TypeScript — GET /api/root-cause/breakdown?days=30

interface RootCauseBreakdown {
 total: number;
 breakdown: Record<string, number>; // category → count
 daily: Record<string, Record<string, number>>; // "2026-03-09" → {category → count}
 trends: {
 platform_bugs_24h: number;
 platform_bugs_7d: number;
 trend: "increasing" | "stable_or_decreasing" | "no_data";
 };
 top_errors: Array<{
 category: string;
 confidence: number;
 message: string; // truncated to 100 chars
 }>;
}
// Error: 500 {"error": {"code": "INTERNAL_ERROR", "message": "..."}}

TypeScript — fetchRootCauseBreakdown(days?: number) → Promise<RootCauseBreakdown>

Error Boundaries

Component	Error Source	Handling
`daemon-failure.sh` rootcause block	`rootcause_main` crashes	Wrapped in `
`rootcause_classify`	jq not available	Falls back to `echo '[]'` for evidence array
`rootcause_analyze_history`	Missing jsonl file	Returns `{"total":0,...}` — empty-state-safe
`rootcause_boost_from_history`	grep/learn file missing	Returns `"0"` — no boost applied
`rootcause_create_platform_issue`	`NO_GITHUB` set, `gh` missing, API error	Returns 0 (skip) or 1 (failure logged), never crashes caller
Dashboard endpoint	Missing/corrupt jsonl	Returns `{"total":0,"breakdown":{},...}` — frontend renders empty state
Dashboard frontend	API 500	Existing `checkDone()` pattern handles partial failures — card shows "No data"

Key Design Decisions

1. Two classifiers coexist — rootcause supplements, doesn't replace

Context: classify_failure() in daemon-failure.sh (6 categories) drives retry strategy. rootcause_classify() in root-cause.sh (7 categories) provides finer-grained analysis.

Decision: Keep both. The daemon's existing classify_failure determines retry behavior (auth_error → no retry, api_error → 4 retries with long backoff). The root cause classifier runs after as an enrichment layer — it adds category/confidence/suggestions to comments and events but does not alter retry logic.

Alternative rejected: Replace classify_failure with rootcause_classify. This would require mapping 7 rootcause categories to the 6 daemon categories and changing retry strategy — high risk for no immediate benefit.

Consequence: A failure might be classified as api_error by the daemon (retry 4x with 5min backoff) and rate_limit by root cause (for comments/analytics). The categories overlap but are not identical. This is acceptable: retry strategy should be conservative (daemon), while analytics benefit from precision (rootcause).

2. Historical boosting via pattern frequency, not ML

Context: The plan calls for "decision tree trained on historical patterns." In a bash environment with JSONL files, true ML is impractical.

Decision: Use simple frequency-based boosting: if rootcause_boost_from_history() finds that similar error messages (first 30 alphanum chars) have been classified 3+ times, boost confidence by 5%; 10+ times, boost by 10%. This is a lookup, not a model.

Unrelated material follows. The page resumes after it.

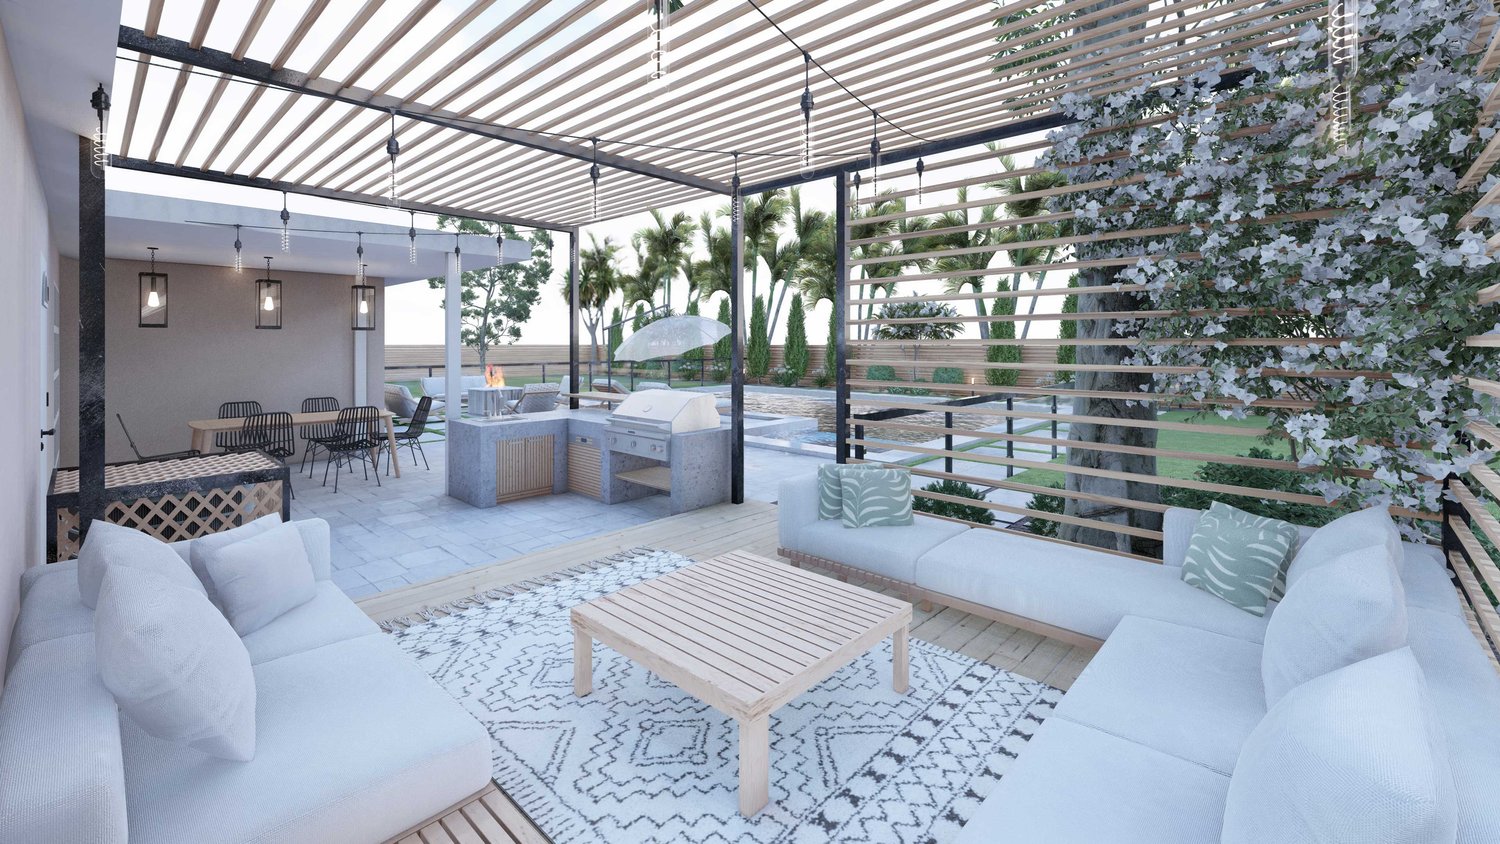 Miami backyard patio and outdoor kitchen with trellis
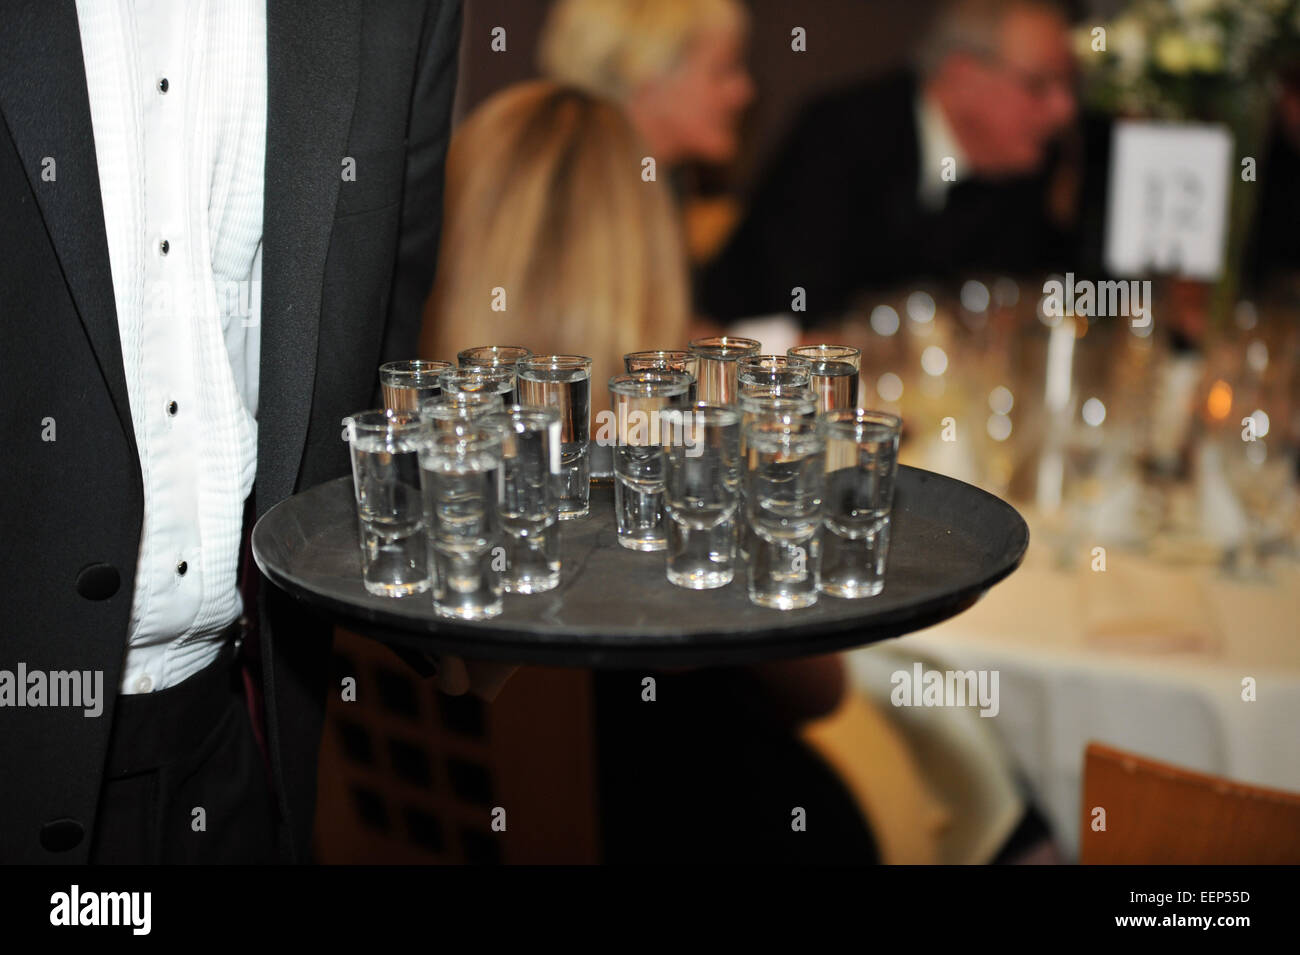 Culture potable au Royaume-Uni, la vodka shots, partie des boissons. Banque D'Images

Alternative rejected: Claude API call per failure for intelligent classification. Adds latency (2-5s), cost (0ドル.01+/failure), and a dependency on API availability in the failure path — precisely when APIs may be down.

Consequence: Classification accuracy is bounded by regex quality. The historical boost only reinforces existing classifications, it cannot reclassify. This is acceptable for v1 — the learning system captures data that could power a more sophisticated classifier later.

3. Daemon integration is fail-safe by design

Context: The failure handler is critical path — if it crashes, the daemon may leave issues in a broken state.

Decision: The entire rootcause block in daemon_on_failure is wrapped in guards:

type rootcause_main >/dev/null 2>&1 before calling (function may not exist if source failed)
All rootcause calls use 2>/dev/null || echo ""
Variables default to empty/zero: root_cause_category="unknown", root_cause_confidence=0
Comment enhancements use ${var:+...} (only render if non-empty)

Consequence: If root-cause.sh fails to source or any function errors, the daemon behaves exactly as it does today — the rootcause block produces no output and no side effects.

4. Dashboard reads JSONL directly, no database

Context: Root cause data lives in ~/.shipwright/optimization/root-causes.jsonl. The dashboard could import it into SQLite (sw-db.sh) or read it directly.

Decision: Read JSONL directly via Bun.file().text() + line splitting + JSON.parse. Filter and aggregate in-memory.

Alternative rejected: SQLite import. Adds a migration, a new table, and a sync mechanism between jsonl and db. Over-engineered for a file that grows by ~1 entry per pipeline failure.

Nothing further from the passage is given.